Land on the northern shore of Jackfish Lake was like a magnet. There was good water, plentiful bush for lumber and firewood, rolling landscape for shelter. By 1858 the Hudson's Bay Company had established a post there to trade for furs with the Cree people of the area. In the 1880s Métis from the Duck Lake area settled in the area. By 1887, Aurele Arcand, a newcomer from Quebec, had built a stopping house there on the road from Jackfish Lake to Frog Lake.

The 1890 Annual Report of the North West Mounted Police (NWMP) recorded "the Indian Department and several principal farmers of Battleford selected Jackfish Lake district as the wintering place for their cattle, it being suitable for their purpose, feed and water being abundant and the surrounding hills affording good shelter."

By 1895, the settlement at Jackfish Lake was thriving. People ranched, farmed and fished. Interestingly, butter-making was also listed as a local occupation.

Tragedy struck the NWMP force in 1895 with the death of a constable. It was reported in the Saskatchewan Herald that Constable Lutz had died May 2, 1895. A week earlier he had been thrown from a wagon when the horses bolted. Two other constables sustained minor injuries in the same accident April 26, 1895 at Jackfish Lake.

In 1895 the Force purchased 320 acres at the north end of Jackfish Lake as a North West Mounted Police Reserve. The legal land description was township 21, range 48, section17, west of the third meridian.

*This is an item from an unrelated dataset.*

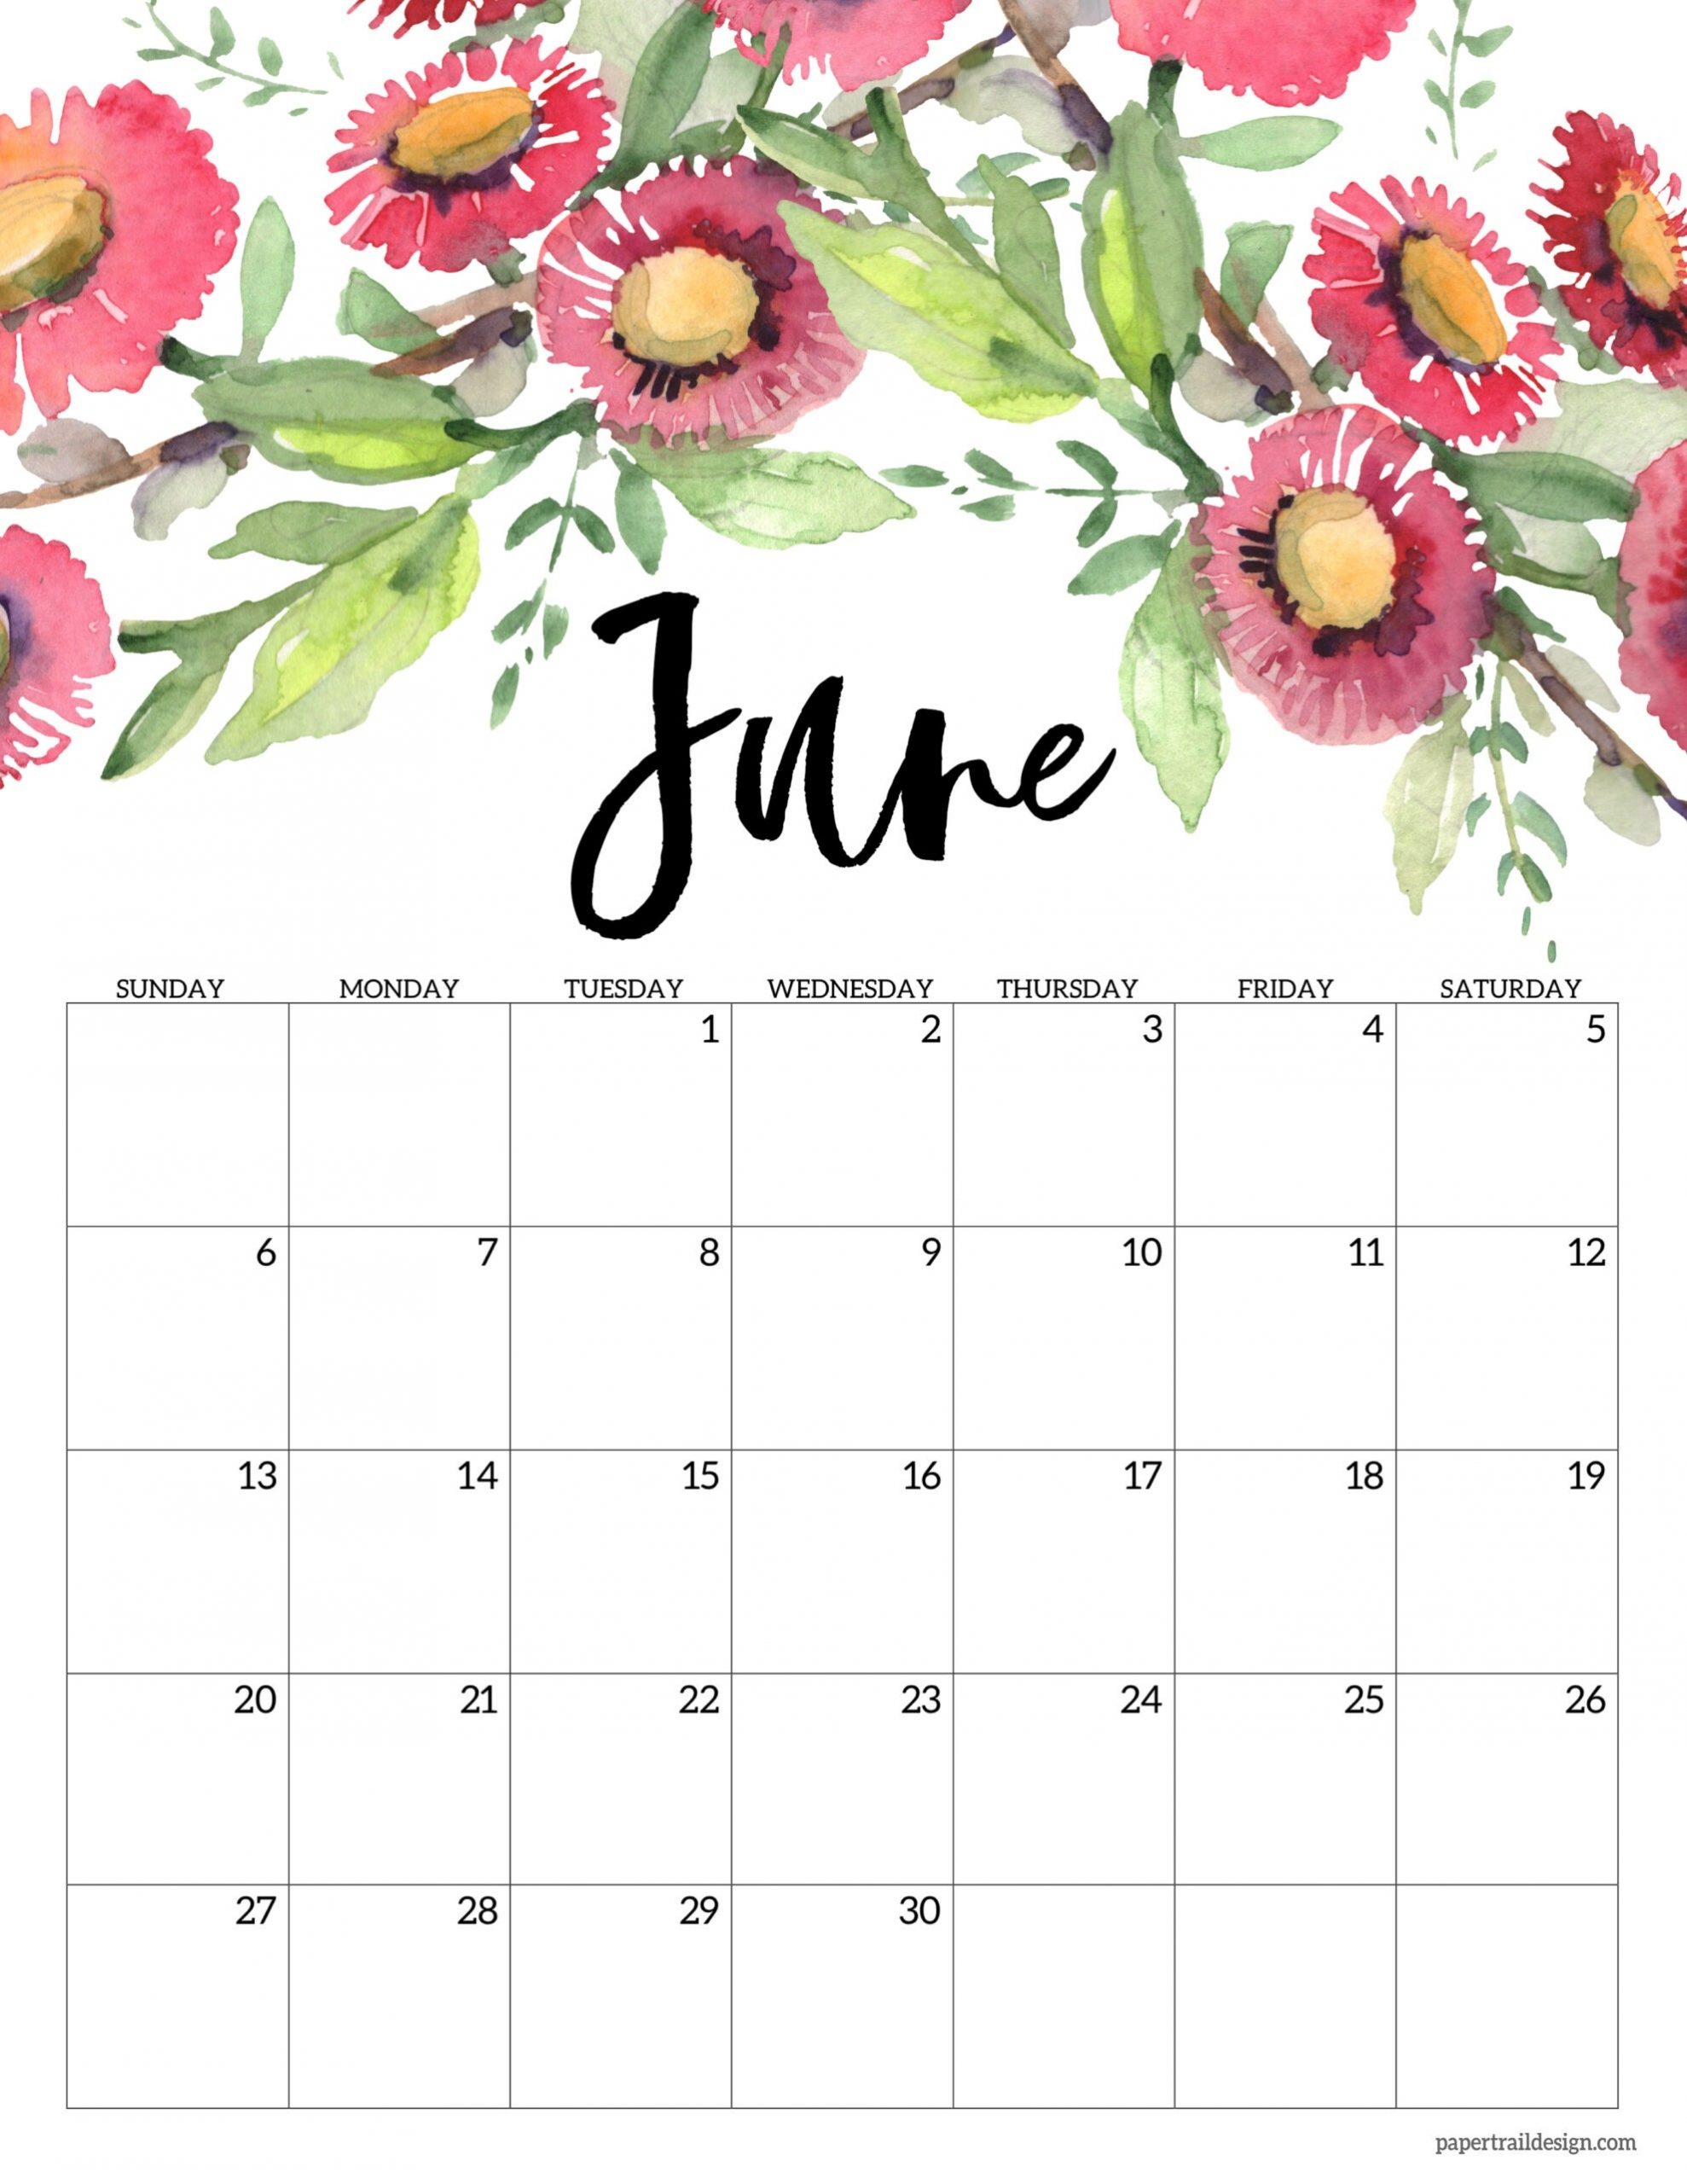 Free Printable 2021 Floral Calendar | Paper Trail Design-June 2021 Free Calendar
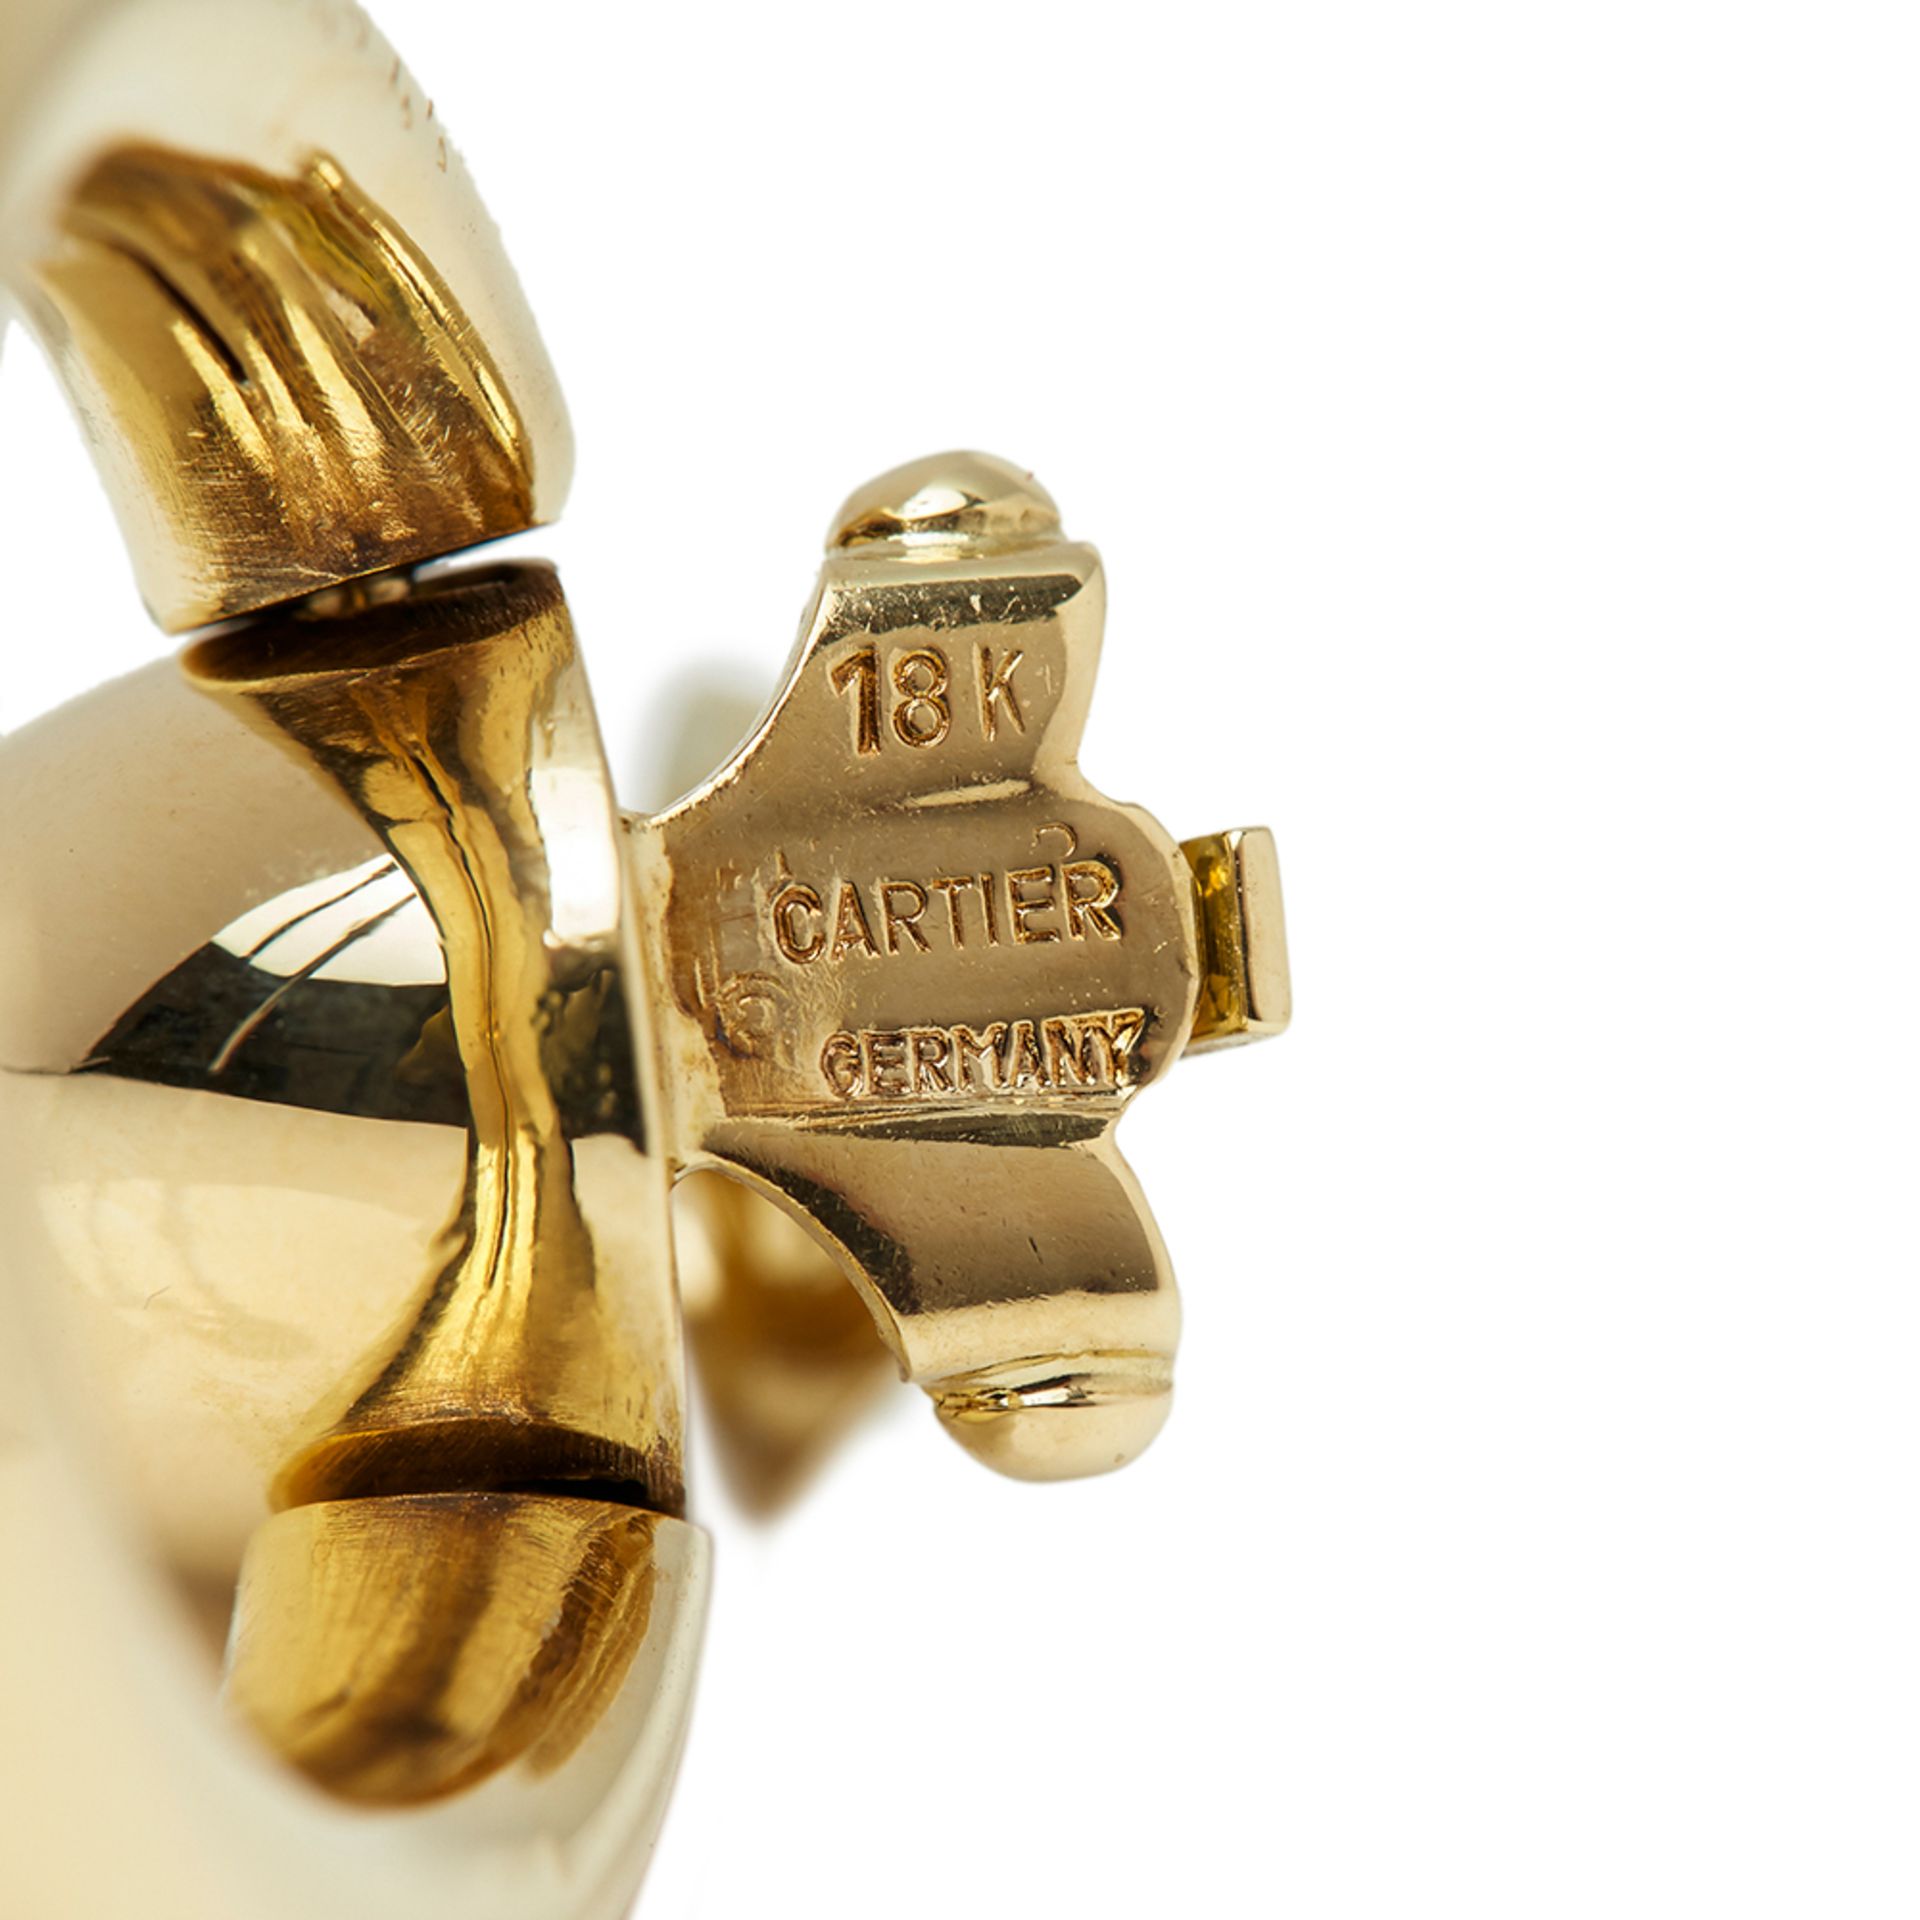 Cartier 18k Yellow Gold Door Knocker Clip-On Earrings - Image 3 of 7

Two buildings were erected - a barrack and a stable - both recorded as built by N. Pomerleau at a total cost of $522. The log dwelling measured 20 feet by 24 feet with a 10 foot ceiling. The stable was 16 feet by 24 feet and eight feet high.

The following year, a lean-to for cooking and storage was added to the house. In a report to J. Cotton, superintendent of C Division, it was recorded, "At Jackfish Lake we found ourselves somewhat inconvenienced having no storehouse, one of the rooms of the barrack building had to be used in the joint capacity of kitchen and storehouse. These objections were overcome by the building of a lean-to. Half is now used as a kitchen, half as a storehouse. The material for this addition was selected from the suitable logs of an old building formerly standing in the barrack square here. The logs and lumber were hauled by our teams to Jackfish Lake, the building and carpenter work entailed was done, and well done, by our men. With your authority I have also had the house willowed and plastered on the outside. A neat strong fence taking all the buildings and hay corral I had put up without cost, our men hauling the rails and putting up the fence. We now have at Jackfish a serviceable outpost, the appearance of which is strikingly neat."

But the detachment at Jackfish Lake was short-lived. By 1909, the Force had pulled out and records falter. We believe eventually the land was sold for farming. It may have been that in 1917 the land was acquired by Soldiers Settlement Board.

We do know that sometime around 1940 or 1941 Helena and Elphage Carignan purchased the land and buildings, farming there until 1956. Helena was the daughter of Aurele Arcand who had built the original stopping house, so Helena must have known the land well. In the mid-1950s, the Carignans moved to the village of Jackfish, apparently donating the barrack building to the fledgling WDM but selling the land. The barrack outpost was not immediately moved.

Then it was 1967, Canada's centennial year, and people across the country were bitten by the heritage bug and buoyed by Canadian pride. Local museum volunteers and staff were inspired to preserve some of the early stories of the time before farming became king. Just over 70 years after it was built, the outpost was moved from the Carriere farm to the new Western Development Museum location at the intersection of Highways 5 and 40. A note in the file states the "Original prisoner chains are in the possession of present owner of the land at Jackfish, Mr. Carriere."

In 1972, spurred by the Royal Canadian Mounted Police centennial in 1973, the WDM refurbished the outpost. The exterior was re-lathed with willow and mudded. Bottom logs that had rotted were replaced. New doors and windows were fitted. The interior was partitioned into four rooms. Artifacts were installed, minus the original prisoner chains referred to in 1967.

The NWMP outpost is now 117 years old. Built to last, the barrack has survived, but time has taken a toll. It has been 40 years since a pair of horses trudged through clay, straw and water to mix the exterior parging. Pieces are breaking and dropping, exposing the network of willow lathes and log walls beneath. Only a new surface will bring the barrack back to "a serviceable outpost, the appearance of which is strikingly neat."